= Floyd R. Newman =

American oil man and founder of Allied Oil Company, Inc. of Cleveland

Floyd Roy Newman (May 4 1890 – October 10, 1990), known to his friends as F. R. or Flood, was an American oil man, founder of the Allied Oil Company, Inc. of Cleveland, and its senior partner and secretary-treasurer until it merged with the Ashland Oil and Refining Company and he joined the Board of Ashland.

An alumnus of Cornell University, Newman became one of its major benefactors, establishing four professorships and other facilities.

==Early life==
Born in Casnovia, Michigan, on May 4 1890, Newman spent his early years in Churchville, New York. He entered Cornell University in 1908, majoring in chemistry and spending much of his time on athletics. In February 1912 he skated the whole length of the frozen Cayuga Lake, just under forty miles. He was a member of the Bandhu Fraternity, later Phi Kappa Tau, and graduated in the Class of 1912.

==Career==
On leaving Cornell, Newman became a Standard Oil Company trainee and was posted to Shanghai, China. He joined the Shanghai Volunteer Corps and was promoted to first lieutenant. During World War I, Newman was commissioned into the United States Army and was an organizer of petroleum distribution to US armed forces in France. In 1919, he was still a serving officer and was in charge of the gasoline distribution for the Third Army, the Army of Occupation.

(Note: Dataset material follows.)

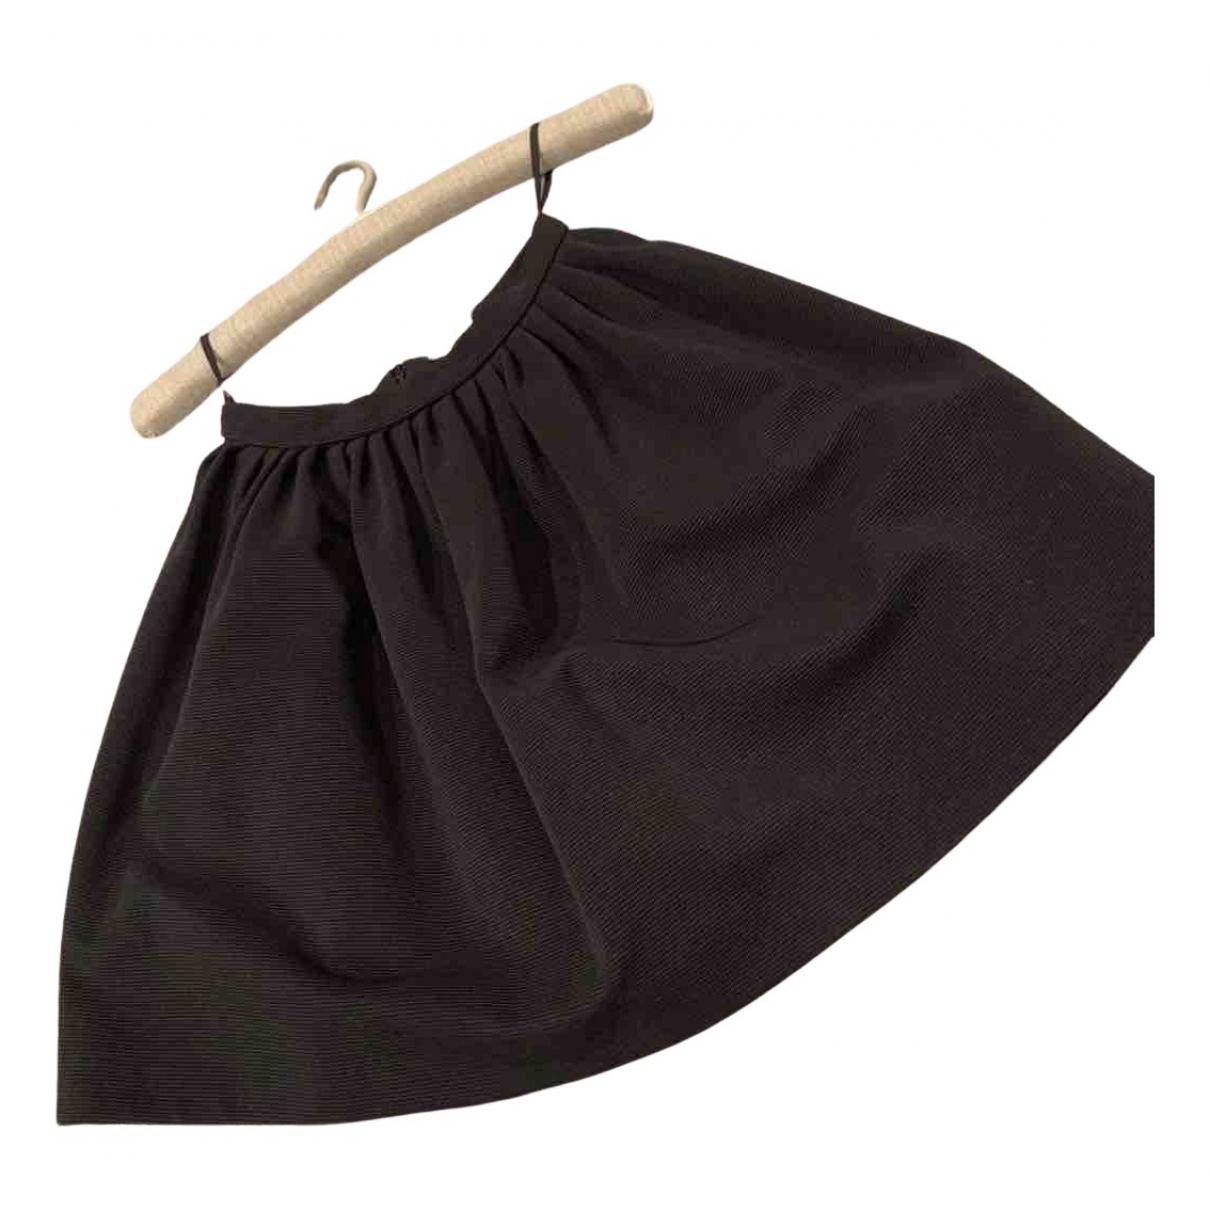 Miu Miu \N Black Cotton - elasthane skirt for Women 36 IT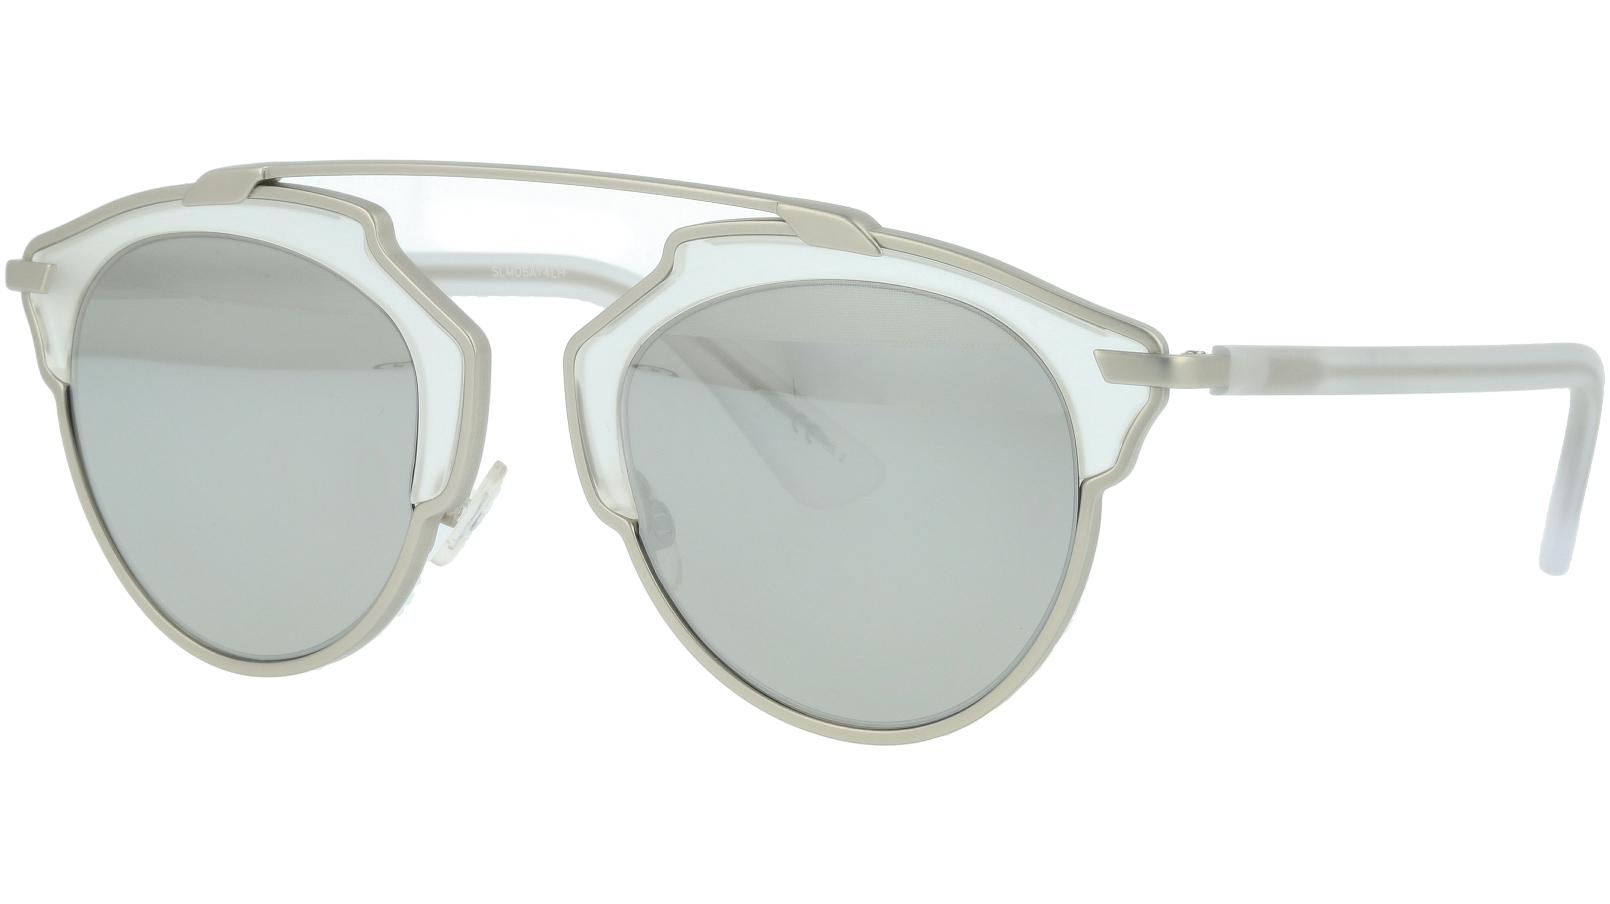 DIOR DIORSOREAL A00MD 48 PALLD Sunglasses

In 1925 Newman was a founding partner of the Allied Oil Company, Inc. of Cleveland, and was its secretary-treasurer until 1948, when it was taken over by the Ashland Oil and Refining Company. He then became a director of Ashland.

==Philanthropist==
Newman was a significant benefactor of Cornell, giving it millions of dollars which paid for a variety of buildings, endowed professorships, and supported the university's geological sciences faculty and its athletics facilities.

The Floyd R. Newman Laboratory for Nuclear Studies was built in 1947 and contained Cornell's first particle accelerator. In 1949, Newman gave the university one million dollars for its nuclear research, and in October 1951 he was elected as a Trustee of Cornell, succeeding Franklin W. Olin, founder of the Olin Corporation. In 1963 Newman donated the Helen Newman Hall, on the Cornell North Campus, a building of 65,000 square feet serving as the women's gymnasium and housing the women's physical education program, in honor of his wife. An endowment of the post of Helen Newman Director of Women's Athletics was also named for her. Among Newman's other gifts to Cornell were four endowed professorships.

In 1982, the 150-acre Arboretum of the Cornell Botanic Gardens was named in Newman's honor. He was an emeritus trustee and volunteer leader at Cornell until his death in 1990, aged almost 100, and left a trust for his daughter which endowed the position of Elizabeth Newman Wilds Director of the Botanic Gardens.